I created a discussion on my facebook page the issue of children in church celebrations. The thread has 64 entries to date with 40 'likes'. I would like to highlight one of my replies:
To respond to Kevin Lim's comment: "This topic was raised in another forum before and there were many responses from parents, especially moms, who were genuinely seeking refreshing from God during celebrations which would not happen if their children were with them. The need to supervise and guard their kids would rob them of the time with God and defeat the purpose of participating in church for them."
I understand perfectly that part. It's like me and Stella cautioning young parents in a humorous way, that they can forget about a peaceful night sleep for the next 15 years. It is a price every parent has to go through, but we pray that the joys outweigh the "traumas". It would be naive to suggest that we can still have everything the way before once we have children. The fact is, everything changes the moment we have children and that includes celebration, our sleep and even our intimate moments. For e.g., if we expect celebrations to be the only source of refreshment for our spiritual life, then it is a dangerous assumption because whether we like it or not, children will be a distraction no matter how well trained they are (it's a matter of whether it is in a small or big way).
So the wisdom would be, in what way can I be refreshed other than celebrations, in what ways can I physically rest, and in what ways can we still nurture our marriage relationship? This is all part of maturing and I have always said that if we cannot do that when we are without children, there's no way we can do that when we do. It starts way before that, and hence the need to disciple our young adults prior even to their marriage. They need to see real encouraging models.
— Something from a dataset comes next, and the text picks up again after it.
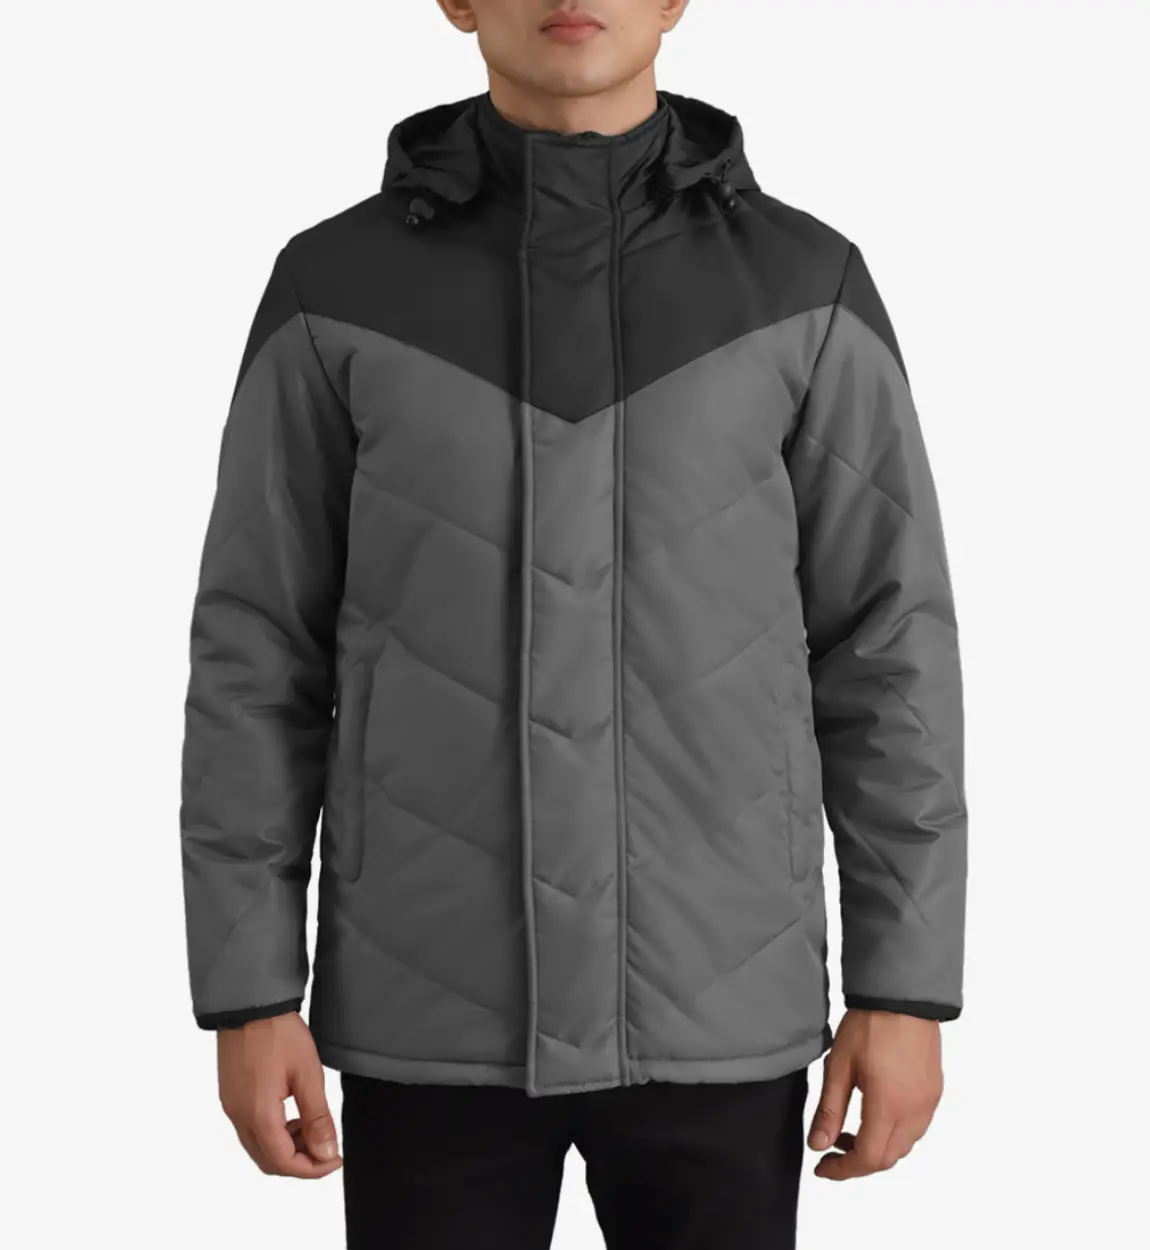 Black & Grey Hooded Puffer Jacket Tendon Sports

We have to become creative in doing that. God has often ministered to me through a great sermon while driving. I have even wept and cried listening to a worship song while driving to work. God has also spoken powerfully through a bible passage during devotional time. These are exceptional moments that God in His mercy gives when we are desperate enough. It is okay to be honest and say "God, I know I have a responsibility to coach my children to be part of the Christian community during celebrations and you know how distracted I can become. Can you minister to me during moments in the other 6 days of the week? Will you help me encounter you at home and at work?"
This is a ministry hazard that pastors have to handle which many of you may not realize. I am so used to the church environment because it is part of my work and there's such a temptation to be in celebrations and operate in a work mindset cos there are many things we have to be mindful of during celebrations. Before I work full time in church, going to church was a very refreshing thing to do after a hectic week. But for those of us who work in the church, it is conscious effort for us to remain fresh. That's why the Monday Sabbath for us is crucial to keep us "sane" and refreshed. God has spoken to me in the most unexpected times other than "church" that it is a habit I have learnt to inculcate, even while listening to a sermon on a threadmill. You will be surprised how God talks to me while exercising.
My advice to young parents would be, recognize the fact that you will be distracted and this is for the sake of your children. Pray and ask God to refresh you in different ways and it's okay to be distracted during celebrations. My wife and I, now that our boys have grown up, are truly enjoying the freedom we have now to grow ourselves and our marriage. We are thankful for the many distractions we have had and seeing our children growing to love God for themselves. We look at them and smile with gratitude to our Heavenly Father.